Herbicides have been used in global agriculture for centuries, mostly to control undesired weeds and boost agricultural yield. When you handle these compounds carelessly, they can end up in water sources, causing harm to non-target aquatic organisms and even humans. Herbicides have the potential to cause cancer in humans and a variety of other illnesses and disorders. On the other hand, it shows that activated carbon removes 12 of the most prevalent herbicides, including atrazine and 2,4-D weed killer.


Lithium is a naturally occurring trace metal found in soil, mineral formations, and drinking water. It's a stress reliever and antidepressant that you can find in tap water.

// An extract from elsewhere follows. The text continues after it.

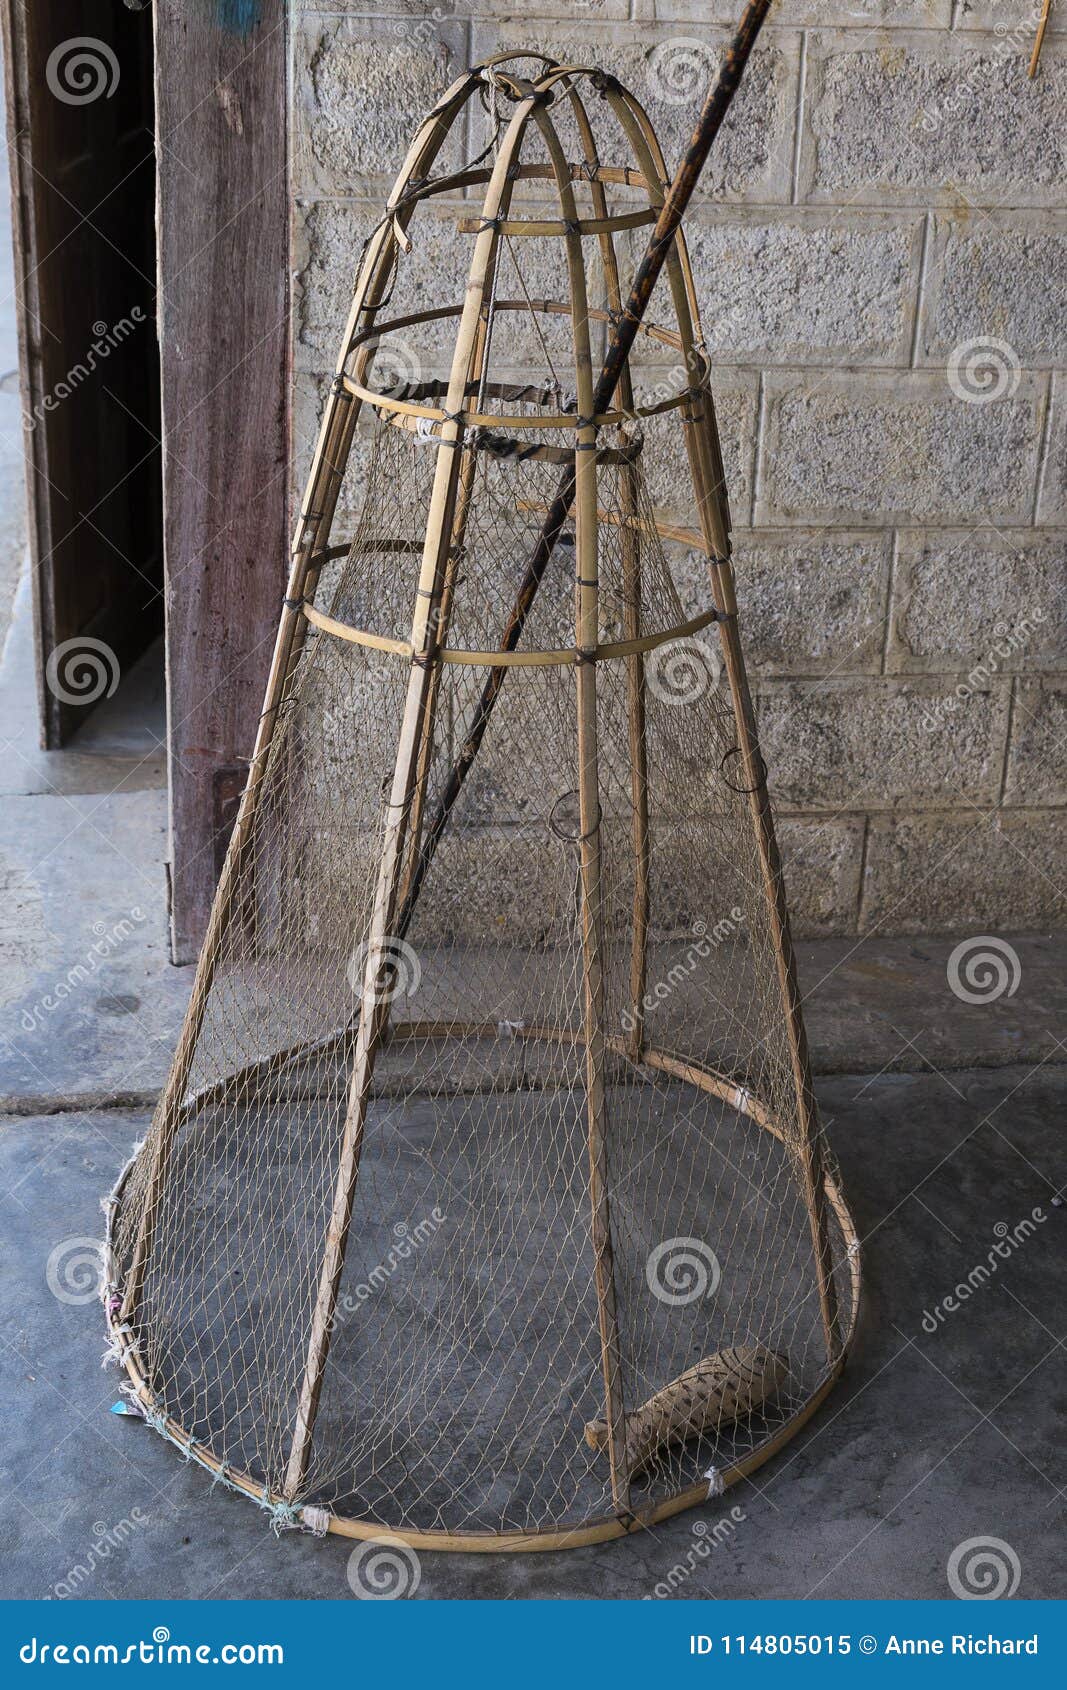 https://thumbs.dreamstime.com/z/inle-lake-traditional-conical-fishing-net-stick-wooden-fish-inle-lake-traditional-conical-fishing-net-stick-114805015.jpg

We must examine the metal's possibly negative impacts on human health until additional observational studies are conducted. Charcoal filters can lower the amount of lithium in drinking water by up to 90%.


Microplastics consist of several types of plastic debris. Determining the precise impact of microplastics on human health is difficult for a variety of reasons. Plastics are available in a range of shapes and sizes, with or without chemical additions. When plastic rubbish enters waterways, it does not disintegrate in the same way that natural materials do. Instead, exposure to the sun's rays, oxygen interactions, and deterioration from physical components like waves and sand break down plastic garbage into small particles. The smallest microplastics reported in published reports are 2.6 microns.

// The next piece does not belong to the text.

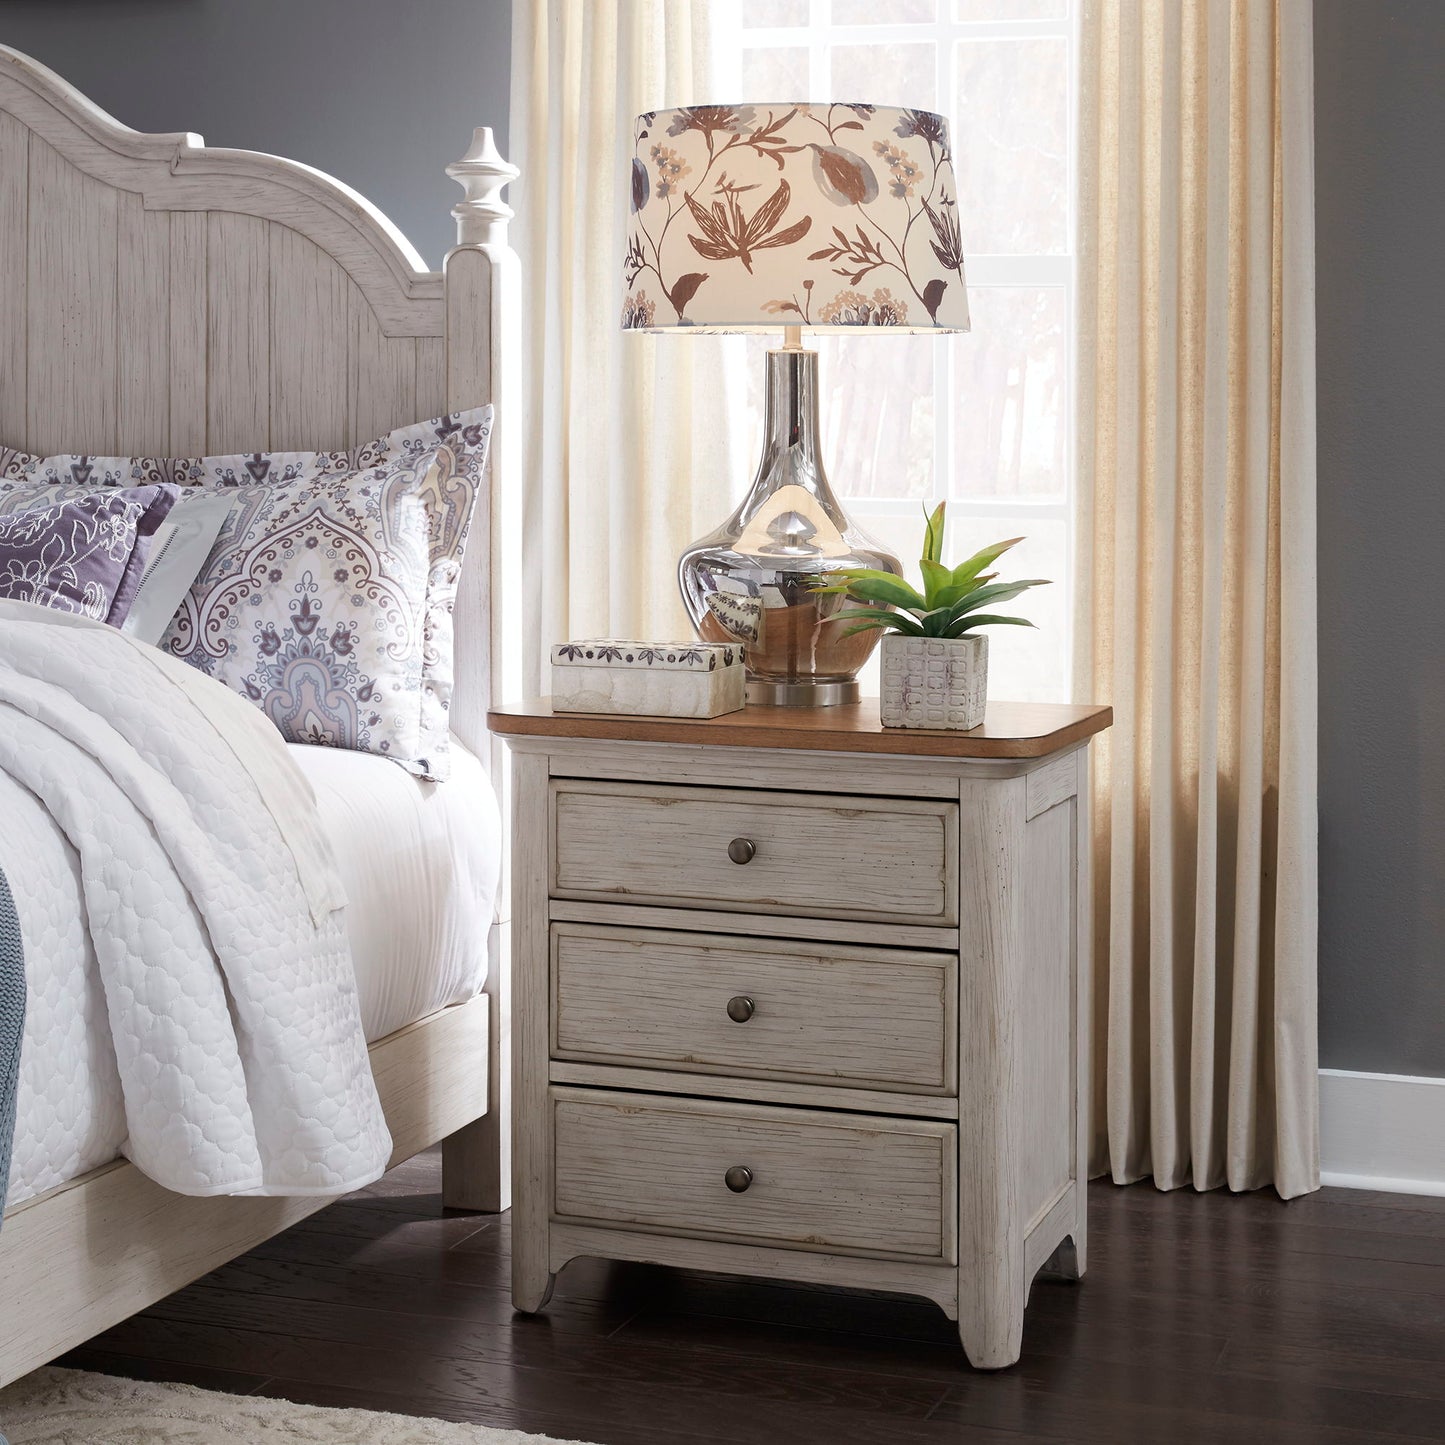 Farmhouse Reimagined - 3 Drawer Night Stand With Charging Station - White

The most common type of activated charcoal used to filter water is activated carbon. It improves water quality by removing chlorine and other impurities, as well as removing undesirable aromas. However, it isn't enough to eliminate certain hazardous chemical compounds, high amounts of metals, fluoride, or infections.

Activated carbon won't filter without special ingredients or further filtration:

  • Radionuclides
  • Bacteria, viruses, cysts, coliform, protozoa, and other microorganisms are the most common microbiological pollutants
  • Heavy metals, copper, or iron in significant concentrations
  • Asbestos and arsenic are examples of inorganic contaminants
  • Calcium, potassium, and magnesium are all beneficial minerals
  • Hydrocarbons or petroleum distillate in large quantities
  • Minerals, salts, and metals such as iron that aren't normally regarded pollutants are dissolved solids.

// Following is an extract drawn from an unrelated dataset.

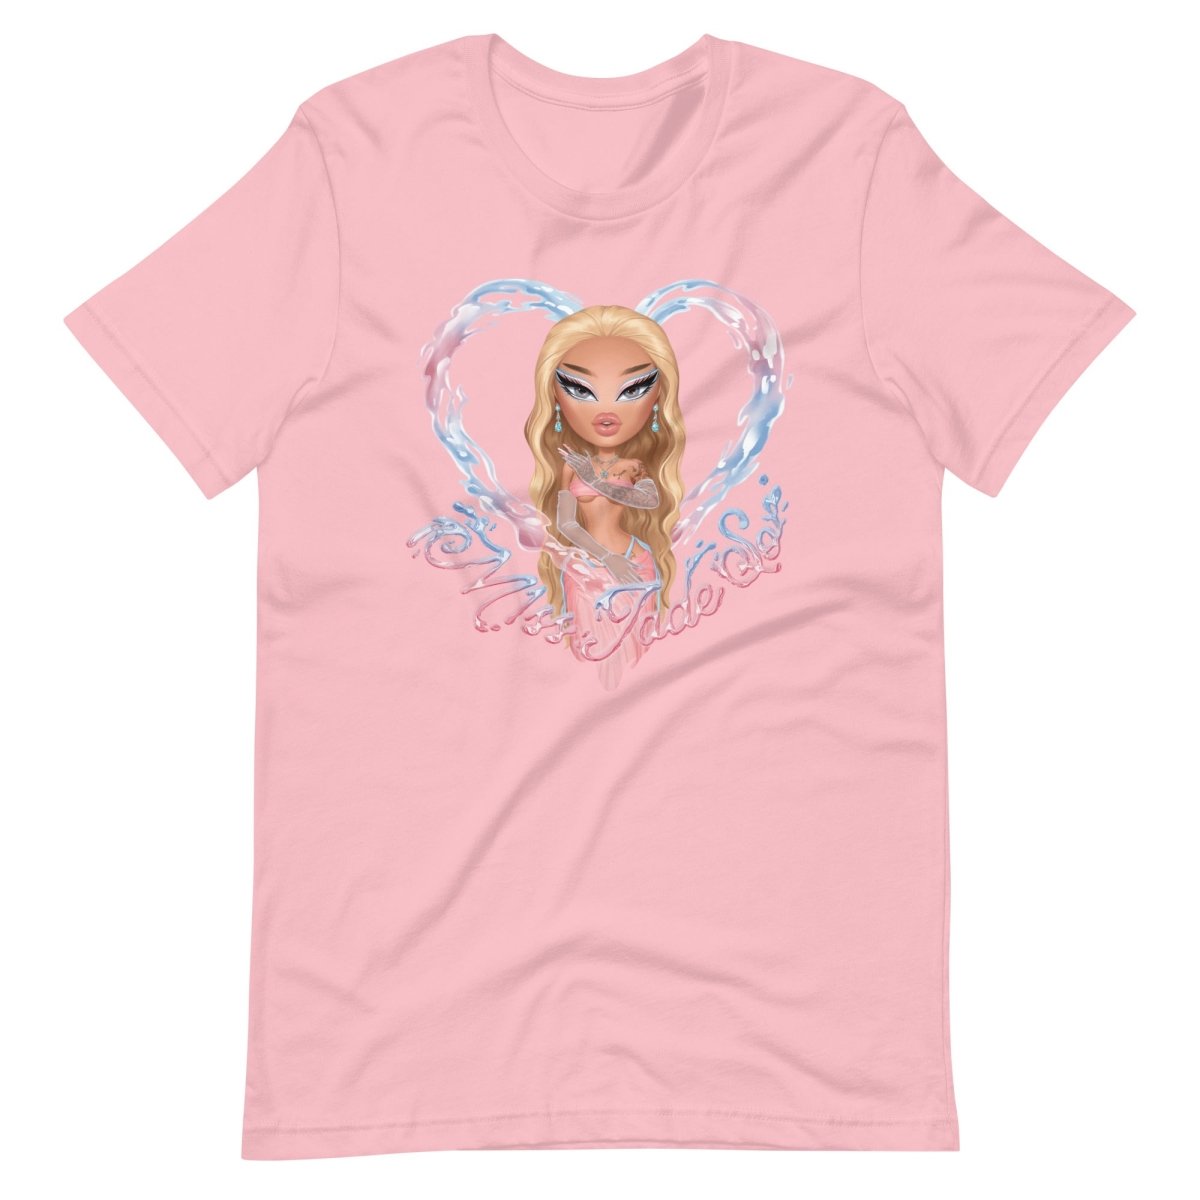 M!SS JADE SO - enTRANS T-Shirt - dragqueenmerch

Catalytic reduction or adsorption are two methods for eliminating pollutants. Catalytic reduction removes residual disinfectants such as chlorine and chloramines, whereas adsorption removes organic compounds. It attracts negatively charged pollutant ions to positively-charged activated carbon during the adsorption process. It can also use catalytic reduction to reduce hydrogen sulfide. The acidity and temperature of the water can be important since higher acidity and lower water temperatures help activated charcoal operate better.


If you're concerned about the quality of your drinking water, you might want to look into water purification systems. Water filters range from simple activated carbon filters to reverse osmosis systems, among others and can remove hazardous impurities while also improving the flavor and odor of your water.